The lowly, unsightly TV antenna, consigned to garages or forgotten altogether when people switched to cable and satellite services for TV, is rising again.
Once known as "rabbit ears" because of their shape, antennas pull in actual broadcast signals to TVs, something that was once everyday knowledge but got lost as people for more than a generation came to rely on cable and satellite providers.
In the Twin Cities and much of Minnesota, antenna users can receive 10 to 60 TV channels, often in high-definition quality, over the air at no expense. Local antenna installers say business has been rising about 20 percent to 25 percent annually for several years.

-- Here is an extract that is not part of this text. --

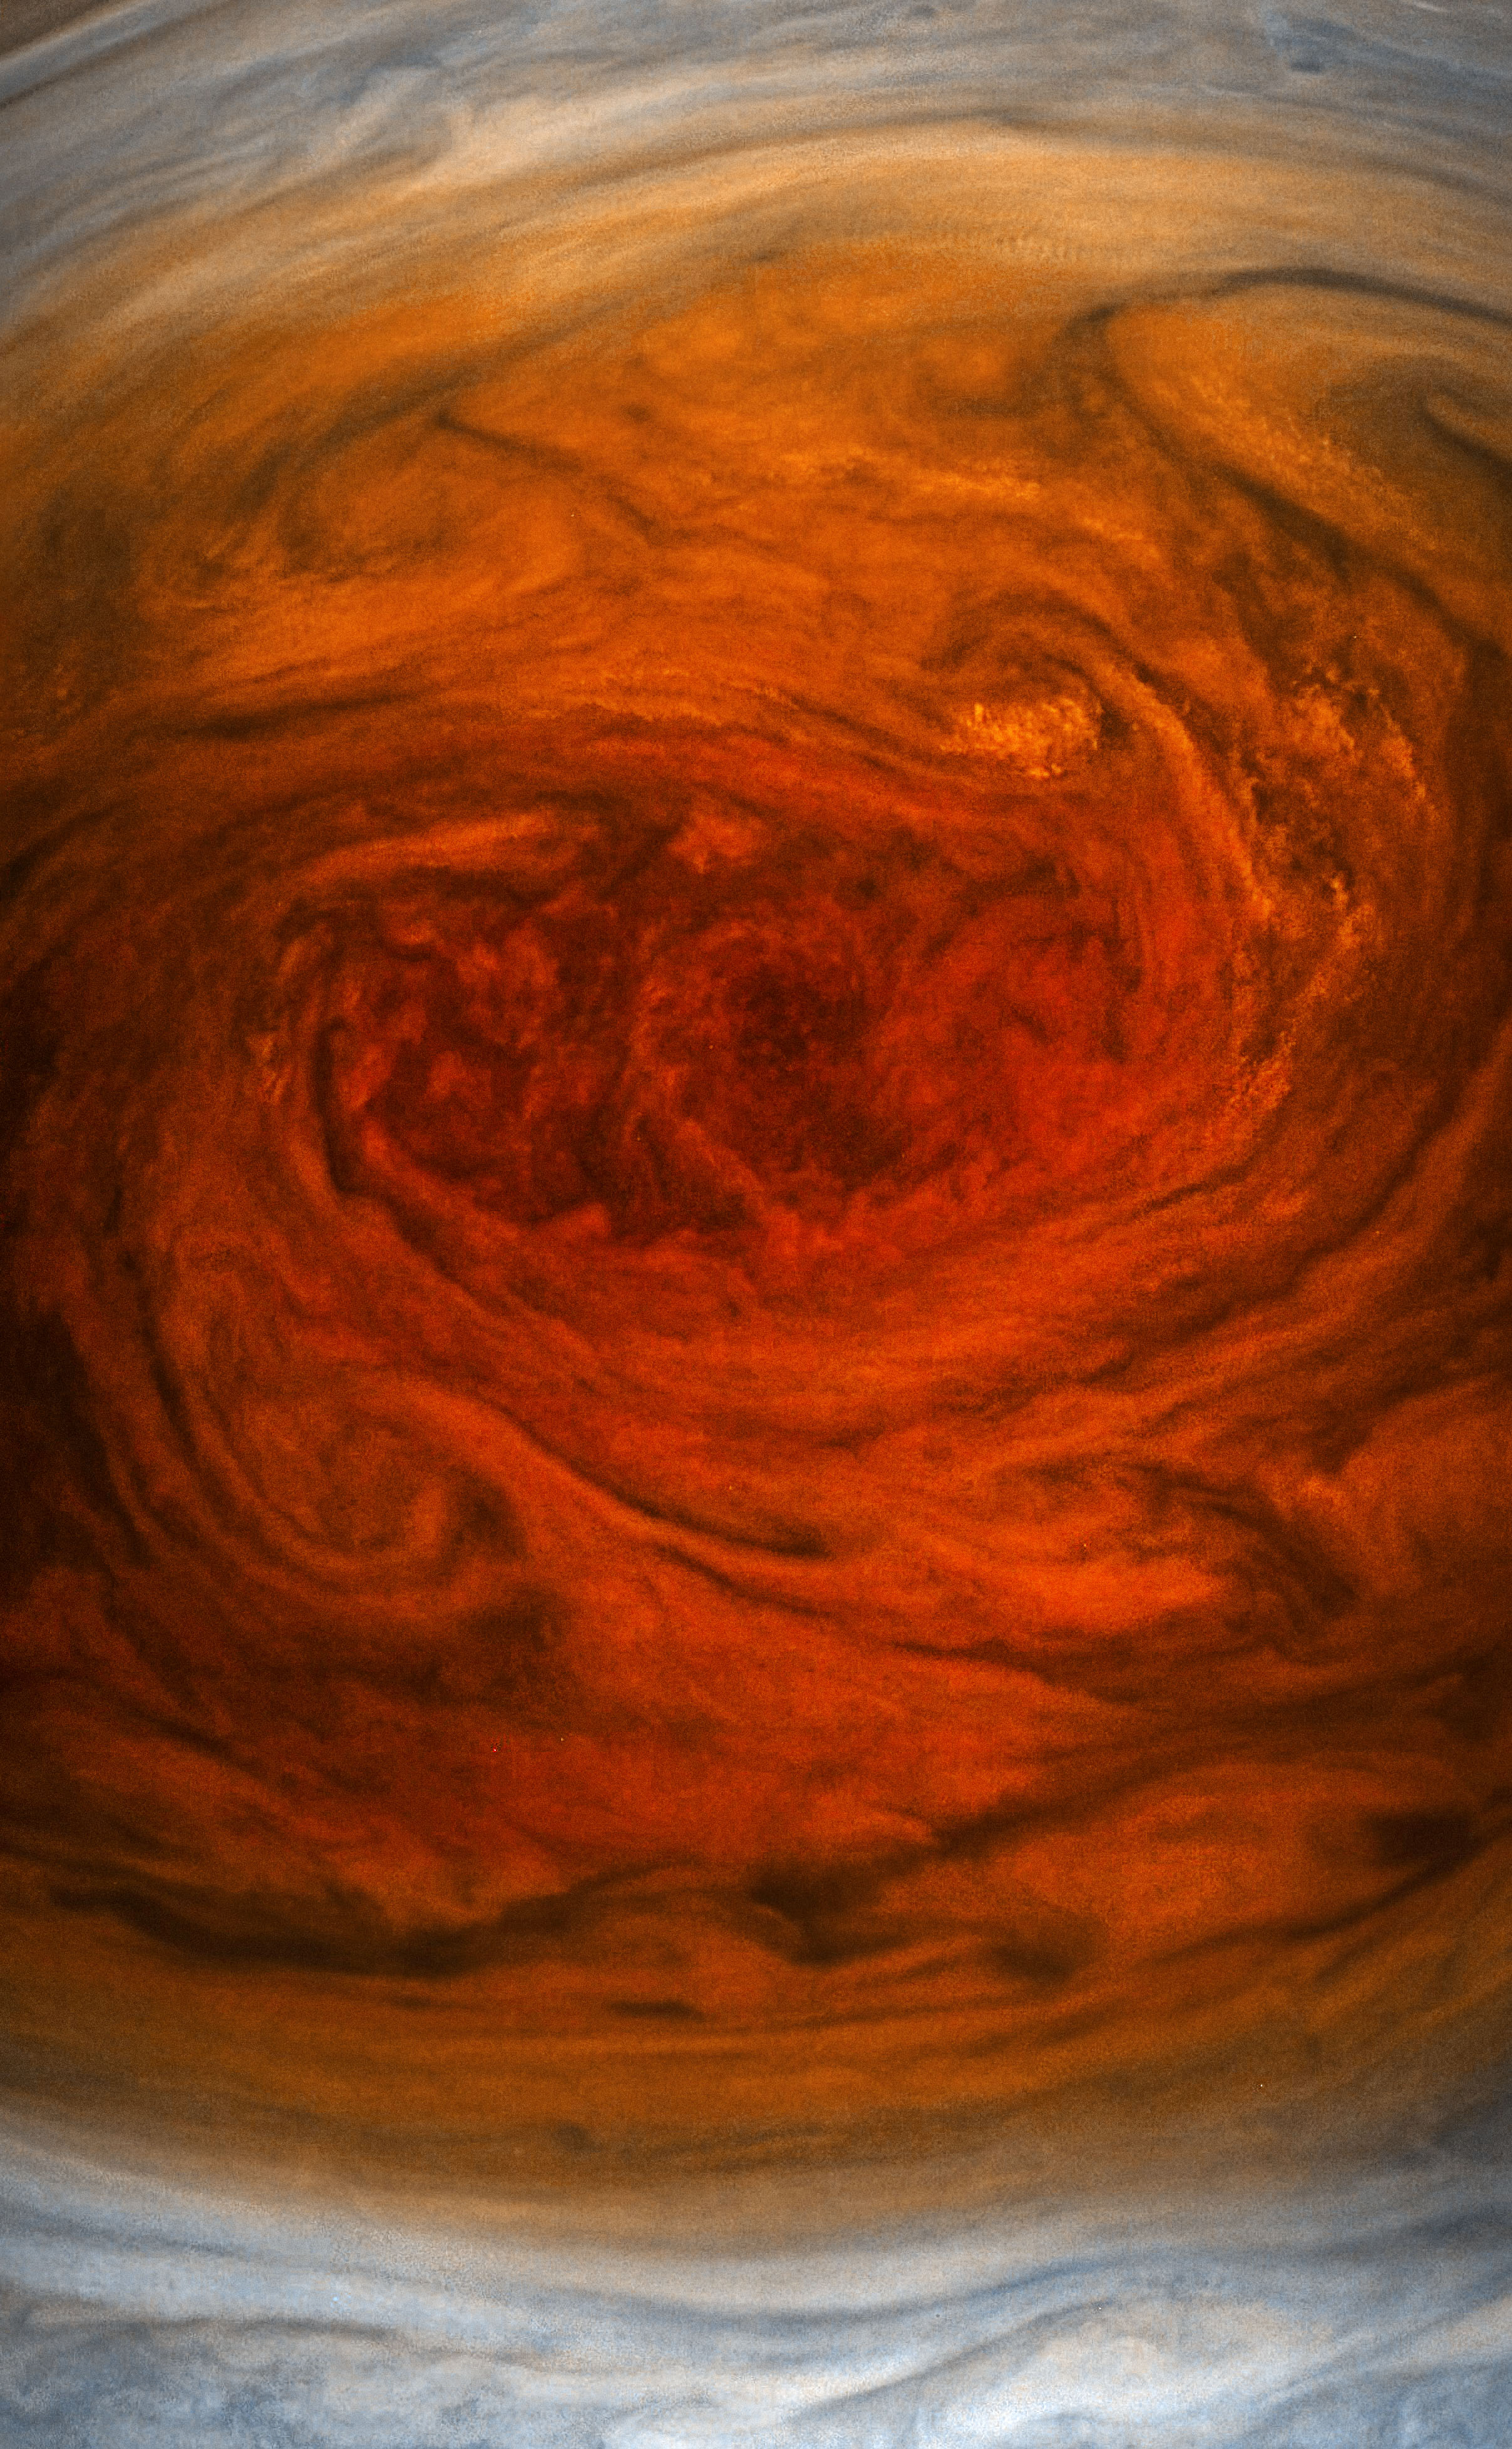 Great Red Spot, Jupiter

Tom McGlynn, owner of St. Paul-based Mr. HDTV Man, noticed the change about three years ago. "It wasn't just the traditional cost-cutter upset over the latest cable bill who was calling," McGlynn said. "I started getting calls from affluent clientele in the western suburbs, seniors who have long resisted change, and millennials who wanted local channels to add to their streaming of Netflix and Sling."
Twenty percent of homes in the U.S. use a digital antenna to access live TV, up from 16 percent just two years ago, according to Parks Associates market research in Texas. The Twin Cities has an even higher antenna percentage. It's the eighth largest broadcast-only market in the country, with more than 22 percent of homes using antennas to get local TV, according to TVb.org, a local broadcast trade association.
Duane Wawrzyniak, owner of Electronic Servicing in Silver Lake, Minn., near Hutchinson, said his antenna business has doubled in the past five years. "When Dish and DirecTV came out to the rural areas in 2000 to 2005, it was a big deal. Our antenna business went away," he said. "But people got tired of having a $100 TV bill every month for channels they never watch."
Yet even as sales rise, the number of antenna installers in the Twin Cities is shrinking.
Installations can be dangerous work, especially on homes with steep roofs, Wawrzyniak said. He sometimes asks himself what he's doing on a roof at age 59. "I don't see a lot of younger people getting into the business," he said. "They can do commercial or industrial electrical and make more money."